Hi all, Many thanks to those who have offered valued help to my other posts.

I think i'm starting to get the hang of this math lark

Ok, down to the question, i have several questions that i have done my best to answer, I wondered if anyone would mind just looking over them for mistakes or wrong use of solutions please?

(i) Solve by Factorization of quadratic formula:

x(2) + 6x + 8 = 0

By Factorization: (x + 4) (x + 2) = 0

X = -4 X = -2

By Quadratic Equation: -b +- sqrt b(2) - 4ac
2a 2a

- 6 +- sqrt 6(2) - (4x1x8)
2x1 2x1

= -3 +- 2
2
X = -4 X = -2.

.................................................. ................................................

(ii) 2x(2) + 11x + 14 = 0

- 11 +- sqrt 11(2) - (4 x 2 x 14)
2x2 2x2

= -2.75 +- 3
4

x = -3.5 x = -2

.................................................. ................................................

(iii) 6x(2) + 7x - 4 = 0

Using Quadratic Equation ( to 3 d.p)

- 7 +- sqrt 7(2) - (4 x 6 (-4)
2x6 2x6

-0.583 +- 12.041
12

x = 0.420 x = - 1.587

.................................................. .................................................

(iv) -7 + 11x - 3x(2) = 0

Using Quadratic Equation ( to 3 d.p)

*** do i transpose this so that x(2) is at the front***

3x(2) - 11x + 7 = 0 ???? (x = 0.550 x =-4.220)

Continueing with -7 + 11x - 3x(2) = 0

- 11 +- sqrt 11(2) - (4 x (-7) x 3
-14 -14

x = -0.236 x = 1.810

Phew, that the lot, I'm sorry to ask stupid questions, just that this is all new to me, and confidence is low

2. Originally Posted by Parton-Bill
Hi all, Many thanks to those who have offered valued help to my other posts.

I think i'm starting to get the hang of this math lark

Ok, down to the question, i have several questions that i have done my best to answer, I wondered if anyone would mind just looking over them for mistakes or wrong use of solutions please?

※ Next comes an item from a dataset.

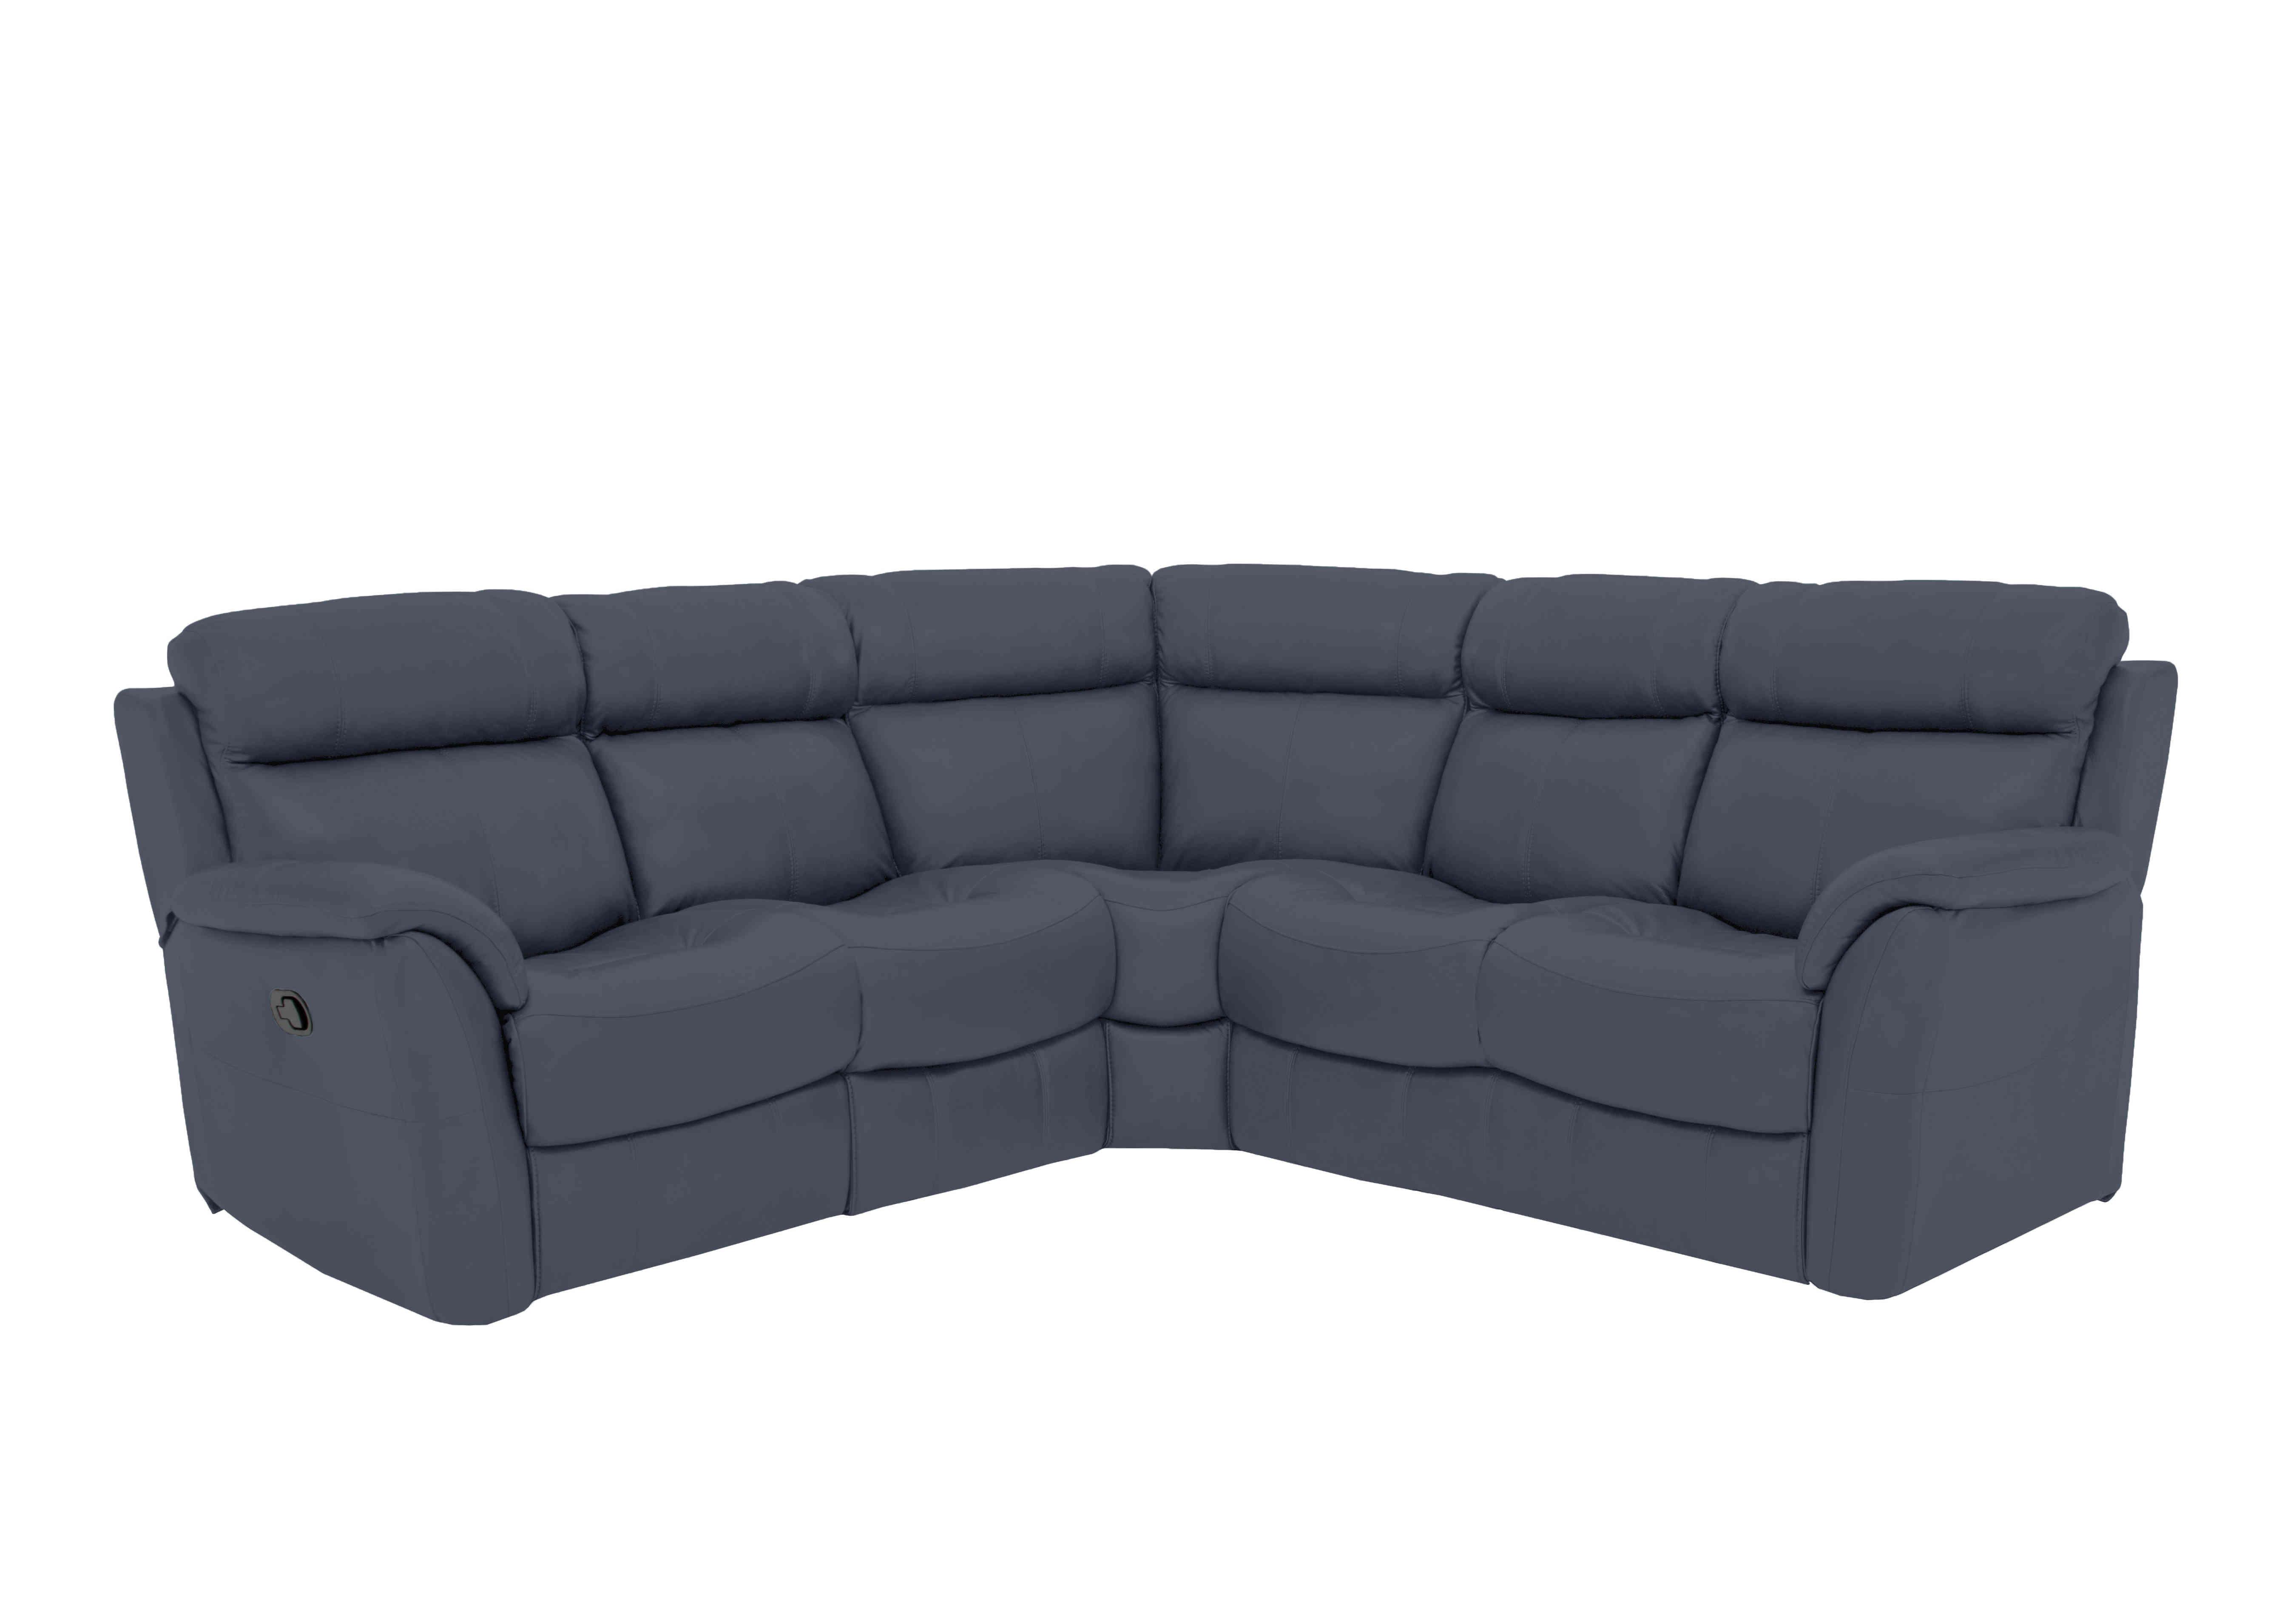 Relax Station Revive Leather Corner Sofa in Bv-313e Ocean Blue on Furniture Village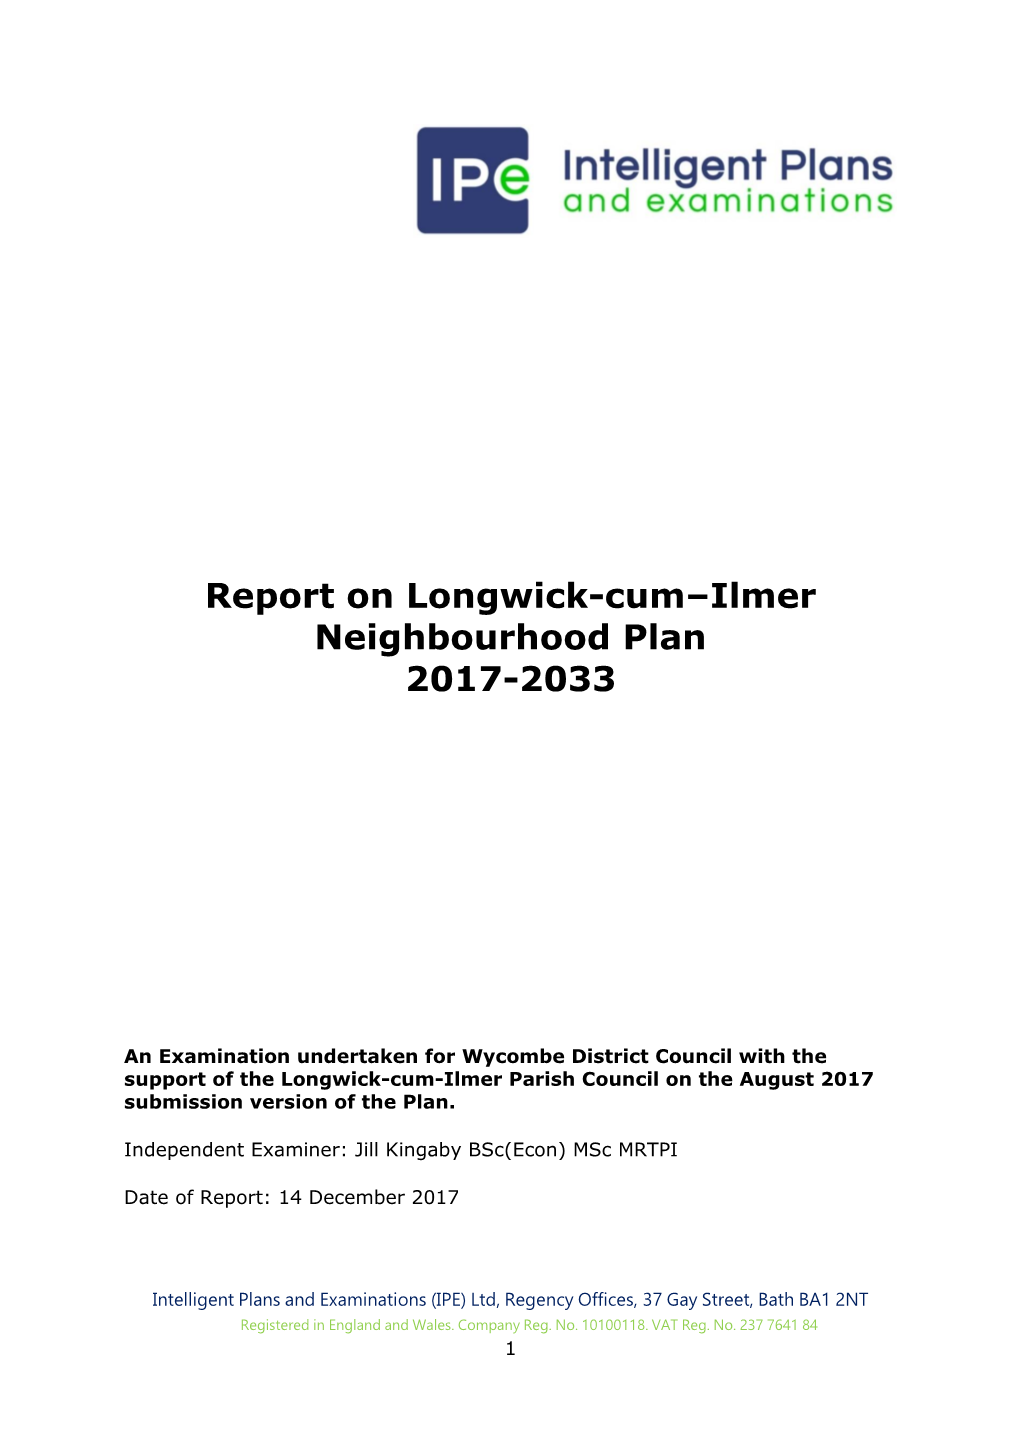 Report on Longwick-Cum–Ilmer Neighbourhood Plan 2017-2033

(i) Solve by Factorization of quadratic formula:

x(2) + 6x + 8 = 0

By Factorization: (x + 4) (x + 2) = 0

X = -4 X = -2 ........ OK

By Quadratic Equation: -b +- sqrt b(2) - 4ac
2a 2a

- 6 +- sqrt 6(2) - (4x1x8)
2x1 2x1

= -3 +- 2
2
X = -4 X = -2. ........ OK

.................................................. ................................................

(ii) 2x(2) + 11x + 14 = 0

- 11 +- sqrt 11(2) - (4 x 2 x 14)
2x2 2x2

= -2.75 +- 3
4

x = -3.5 x = -2 ........ OK

.................................................. ................................................

(iii) 6x(2) + 7x - 4 = 0

Using Quadratic Equation ( to 3 d.p)

- 7 +- sqrt 7(2) - (4 x 6 (-4)
2x6 2x6

-0.583 +- 12.041
12

x = 0.420 x = - 1.587 ........ OK

.................................................. .................................................

(iv) -7 + 11x - 3x(2) = 0

Using Quadratic Equation ( to 3 d.p)

*** do i transpose this so that x(2) is at the front*** ........ Yes

3x(2) - 11x + 7 = 0 ???? (x = 0.550 x =-4.220) ........ Where did you get these results from?

...
$\displaystyle 3x^2 - 11x + 7 = 0~\implies~x=\dfrac{11}{2 \cdot 3} \pm\dfrac{\sqrt{ 121 - 4 \cdot 3 \cdot 7}}{2 \cdot 3}$

Therefore: $\displaystyle x=\dfrac{11}{6} \pm\dfrac{\sqrt{ 37}}{6} ~\implies~x\approx 2.847~\vee~x\approx 0.820$

3. ## Danke :)

Thanks very much for that, wasn't sure on the last one. will remember that.

Thanks Again

4. Originally Posted by earboth
$\displaystyle 3x^2 - 11x + 7 = 0~\implies~x=\dfrac{11}{2 \cdot 3} \pm\dfrac{\sqrt{ 121 - 4 \cdot 3 \cdot 7}}{2 \cdot 3}$

Therefore: $\displaystyle x=\dfrac{11}{6} \pm\dfrac{\sqrt{ 37}}{6} ~\implies~x\approx 2.847~\vee~x\approx 0.820$
The figures i calculated allowed for 7 to be -7, despite the tranposition, this would remain negative wouldn't it?